OOH operators can increase their share of the overall ad spend by focusing on the internal optimization of their assets through effective inventory management. As an industry, if we keep accepting single-digit growth while 30+% of the inventory goes unused we will as an industry be handcuffed to single-digit growth. A data-driven inventory management plan is one step in the solution to the OOH industry finally recognizing its fair share of the media spend pie.
By maximizing utilization, and improving their asset management processes, OOH operators can increase efficiency, reduce costs, and offer a more attractive value proposition to advertisers. By regularly monitoring and updating their inventory, OOH operators can ensure that their advertising assets are being used to their fullest potential, providing maximum exposure for advertisers and increasing revenue for the operator.
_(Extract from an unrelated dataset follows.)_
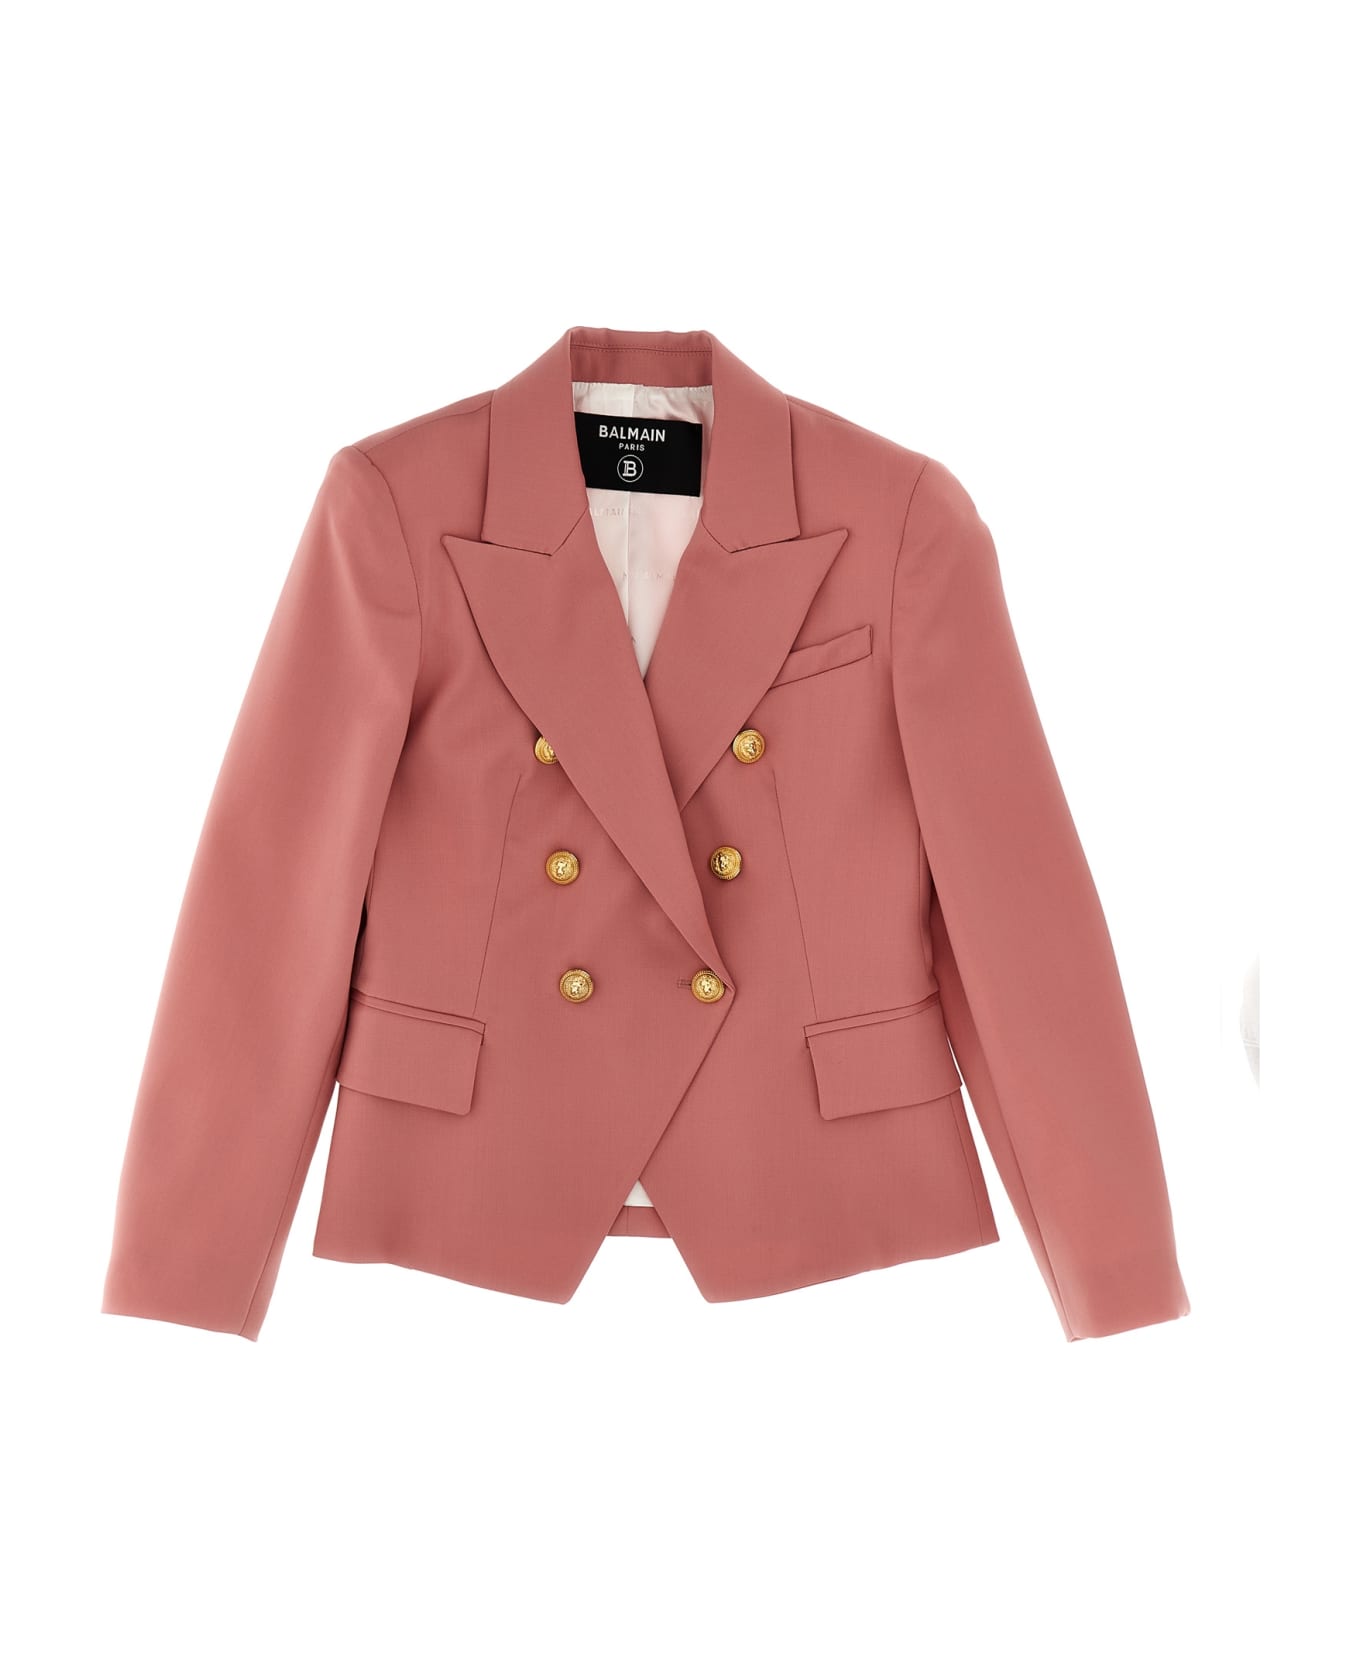 Balmain Double Breast Blazer Jacket With Logo Buttons - Pink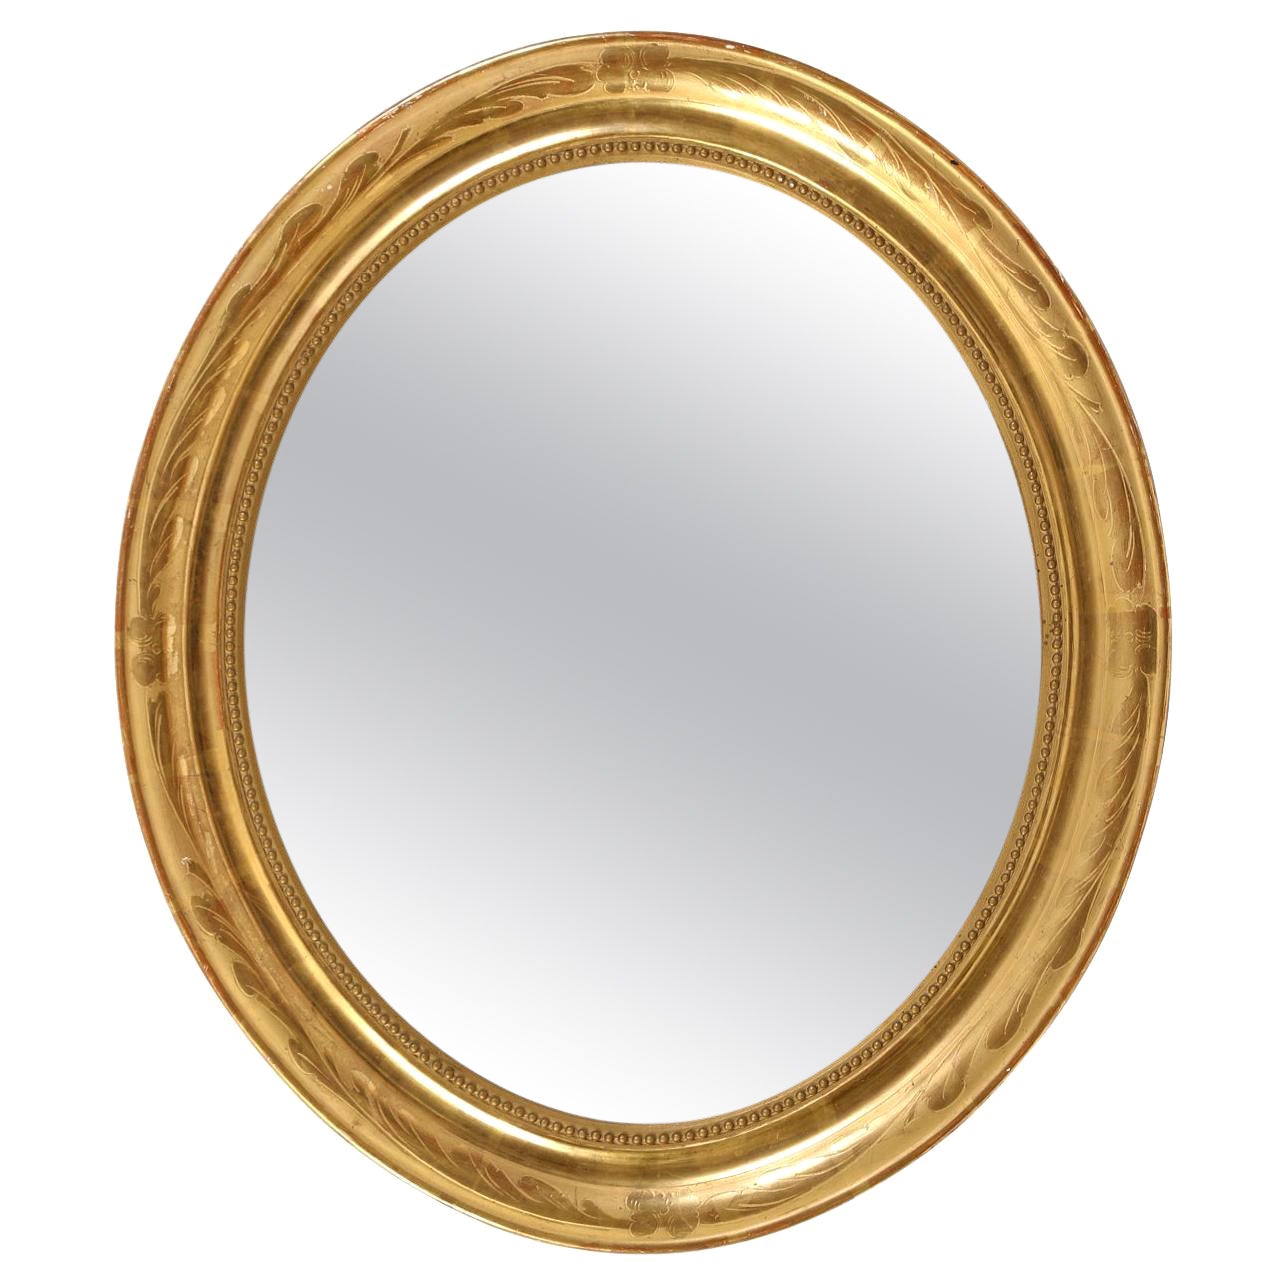 An Oval Giltwood Mirror with Inner Beading Molding For Sale

By focusing on internal optimization, OOH operators can position themselves as industry leaders, offering a top-quality and cost-effective solution for advertisers seeking to reach audiences through out-of-home advertising.
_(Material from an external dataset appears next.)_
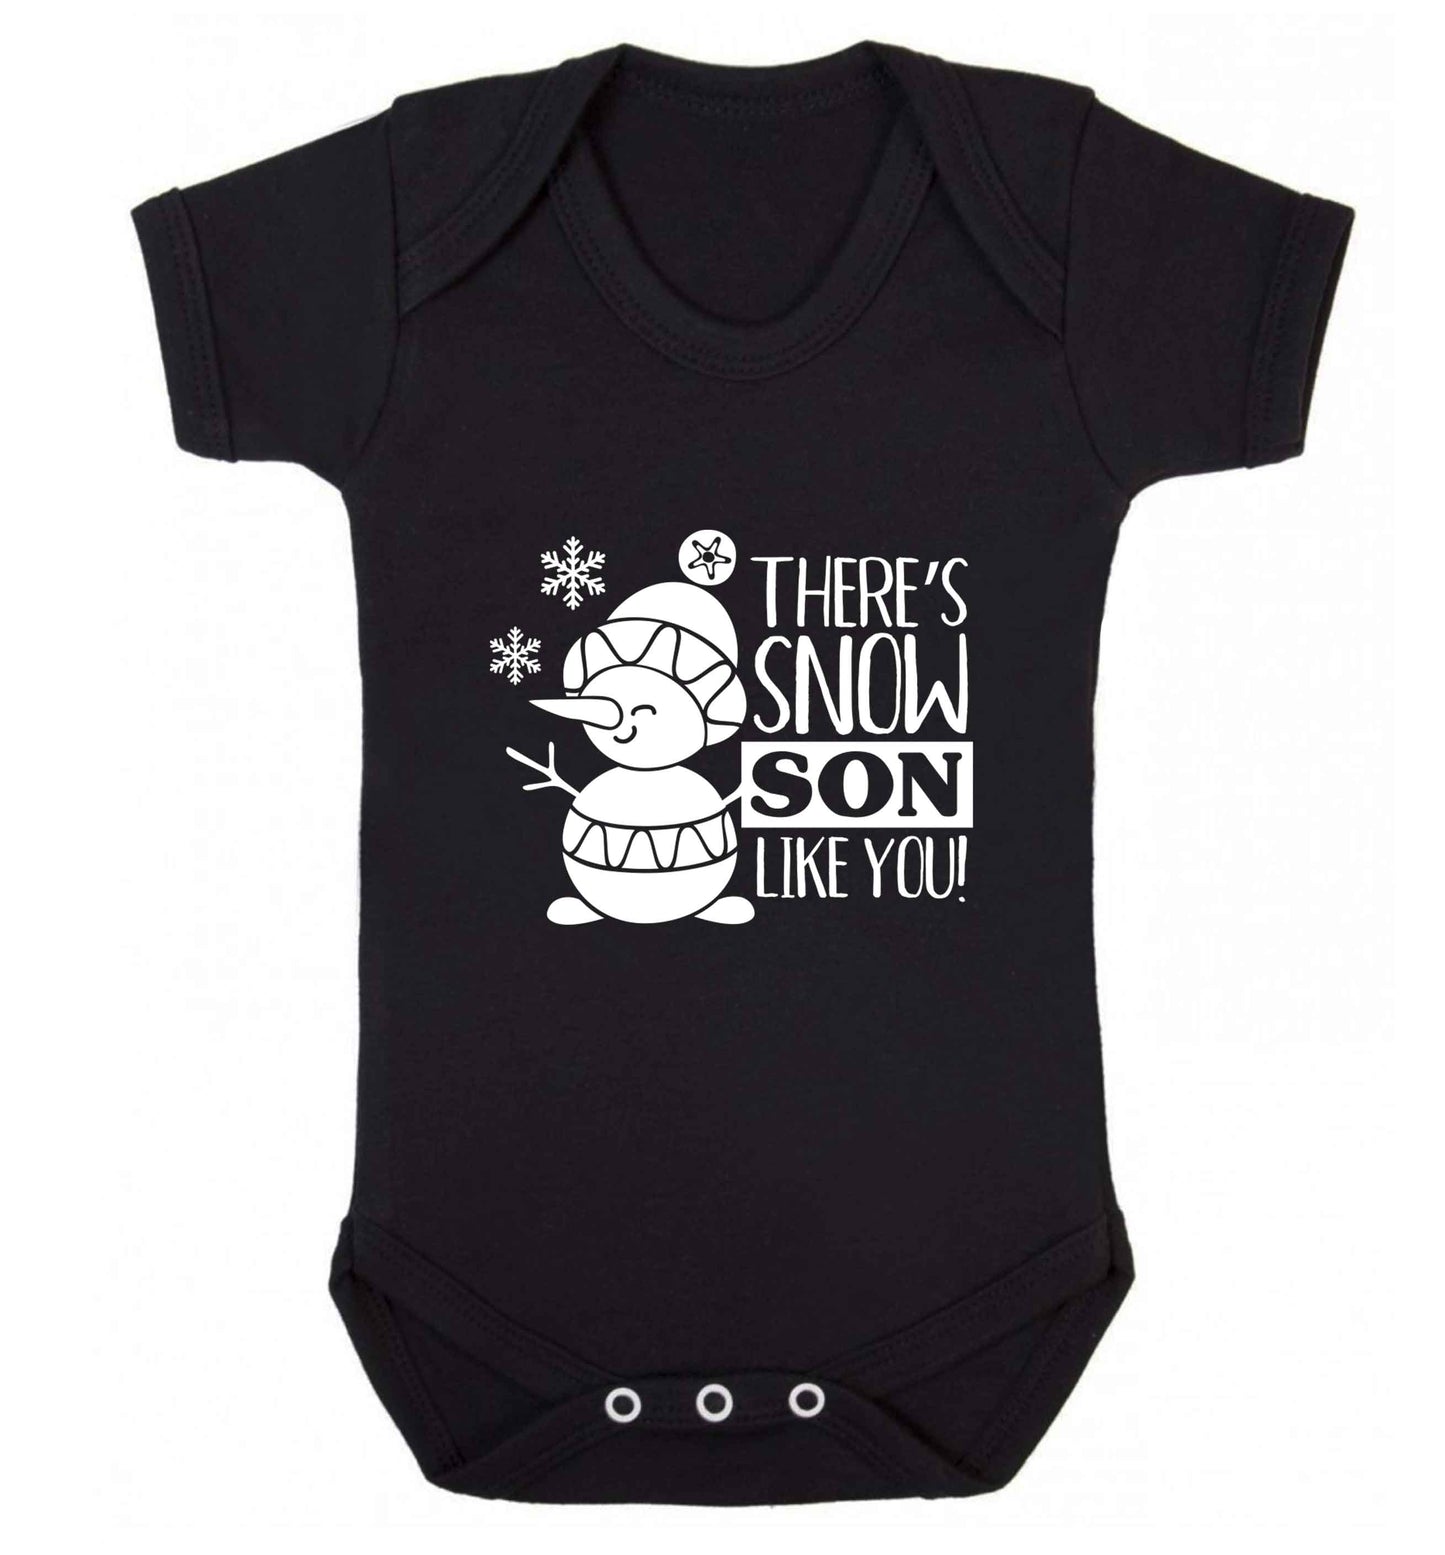 There's snow son like you baby vest black 18-24 months

Let your advertisers be emotional, but don’t you fall in love with specific pieces of inventory.
When I was managing an OOH plant some years ago, I had a bulletin permed at twice the value of the next bulletin in the market. It had the highest CPM in the market and the same advertiser had permed it for years. When that bulletin came up there was an expectation from corporate that we would be able to get a similar rate for the same asset moving forward. Their logic seemed sound to them; it has been permed for years at this crazy rate and it was clearly the most optimal asset in the market.
While the logic that it was a premium asset was correct, the reality is that asset was only that valuable to the single advertiser who had permed it for years. There was a mandate that came down that we take no less than $xxxx for this bulletin and so it sat empty for a year before I convinced them to emotionally disconnect from the asset, at which time we permed it again for 135% of the market CPM. My point in telling you this is that we walked away from nearly $100,000 in one year because as a company we were too emotionally connected to this asset.
Let’s talk about pricing sensitivity… Different rates for different advertisers.
Furthermore, OOH operators should also consider individual client pricing sensitivity when setting rates for their assets. Different advertisers have different budgets, goals, and desired outcomes, and it's important for OOH operators to take these factors into account when determining pricing.
By understanding the unique needs of each advertiser, OOH operators can create tailored packages that offer the right combination of exposure, impact, and value. In the example above, the advertiser was willing to pay for the specific location. The counter approach would be to find an advertiser that is willing to buy double the size of a poster showing or digital campaign if the rate/CPM was lowered by 25% if the inventory is indeed available.
This approach not only helps to attract and retain clients but also encourages advertisers to increase their spend, as they see the tangible results of their investment. By recognizing and addressing individual client pricing sensitivity, OOH operators can grow their business by providing a more personalized and valuable service to advertisers.
In addition to maximizing utilization and improving asset management, OOH operators can also grow both revenue and share by not emotionally connecting to the rates of specific assets or groups of assets. By strategically lowering rates in some areas while driving higher rates in others, OOH operators can create an environment where advertisers are more likely to invest in their offerings.
Lowering rates on less popular assets can help to drive demand while increasing rates in higher performing or more desirable assets can help to generate additional revenue. By taking a data-driven and targeted approach to rate optimization, OOH operators can create a win-win scenario, where advertisers are able to reach their desired audiences at a competitive price point, and OOH operators are able to grow both revenue and share.